EARS: An Anechoic Fullband Speech Dataset Benchmarked for Speech Enhancement and Dereverberation
Julius Richter, Yi-Chiao Wu, Steven Krenn, Simon Welker, Bunlong Lay, Shinji Watanabe, Alexander Richard, Timo Gerkmann
TL;DR
The paper addresses the need for a high-quality, diverse, fullband speech dataset to advance speech enhancement and dereverberation research. It introduces the EARS dataset, featuring ~100 hours of anechoic 48 kHz speech from 107 speakers across rich speaking styles and emotions, plus EARS-WHAM and EARS-Reverb benchmarks for noisy and reverberant conditions. The authors benchmark predictive and generative methods, including Conv-TasNet, CDiffuSE, Demucs, and SGMSE+, and validate results with objective metrics, a listening test, and a blind online-evaluation server.
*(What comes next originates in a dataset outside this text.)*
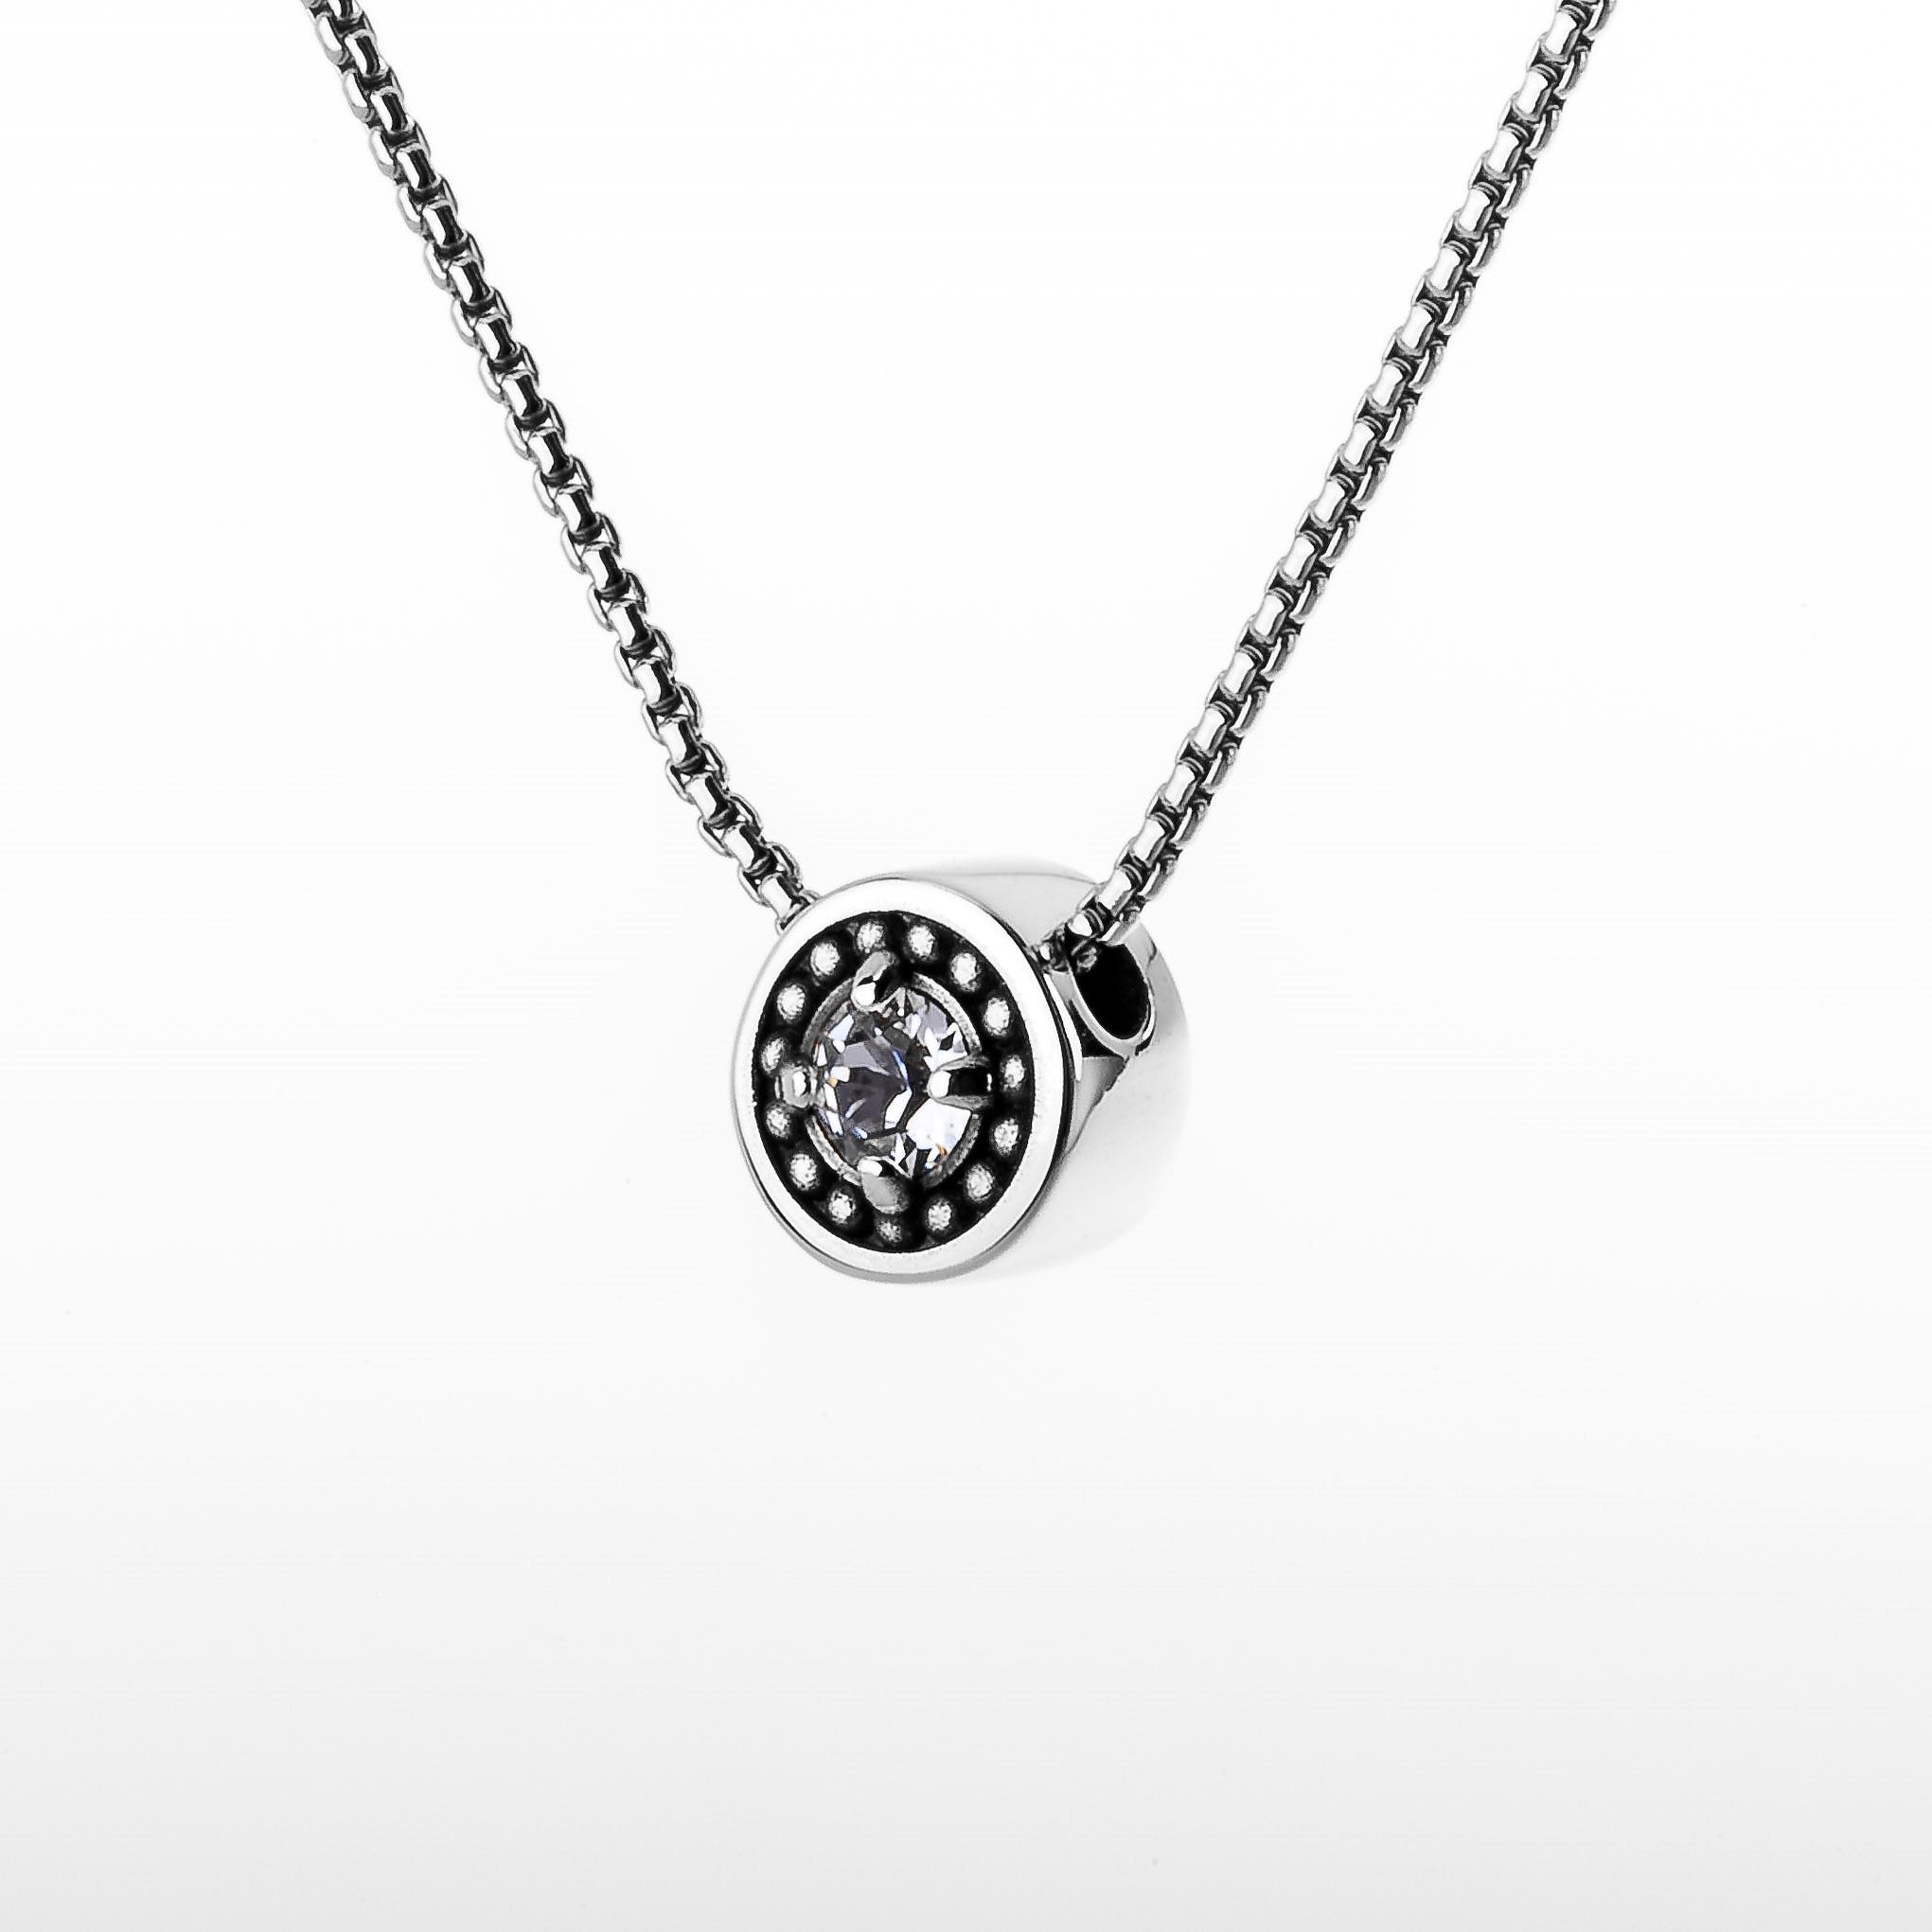 April Birthstone Necklace - The Generations "Petite"

The work provides a significant, reproducible platform for fair comparison and rapid development of robust speech processing systems with practical online evaluation capability.
Abstract
We release the EARS (Expressive Anechoic Recordings of Speech) dataset, a high-quality speech dataset comprising 107 speakers from diverse backgrounds, totaling in 100 hours of clean, anechoic speech data. The dataset covers a large range of different speaking styles, including emotional speech, different reading styles, non-verbal sounds, and conversational freeform speech. We benchmark various methods for speech enhancement and dereverberation on the dataset and evaluate their performance through a set of instrumental metrics. In addition, we conduct a listening test with 20 participants for the speech enhancement task, where a generative method is preferred. We introduce a blind test set that allows for automatic online evaluation of uploaded data. Dataset download links and automatic evaluation server can be found online.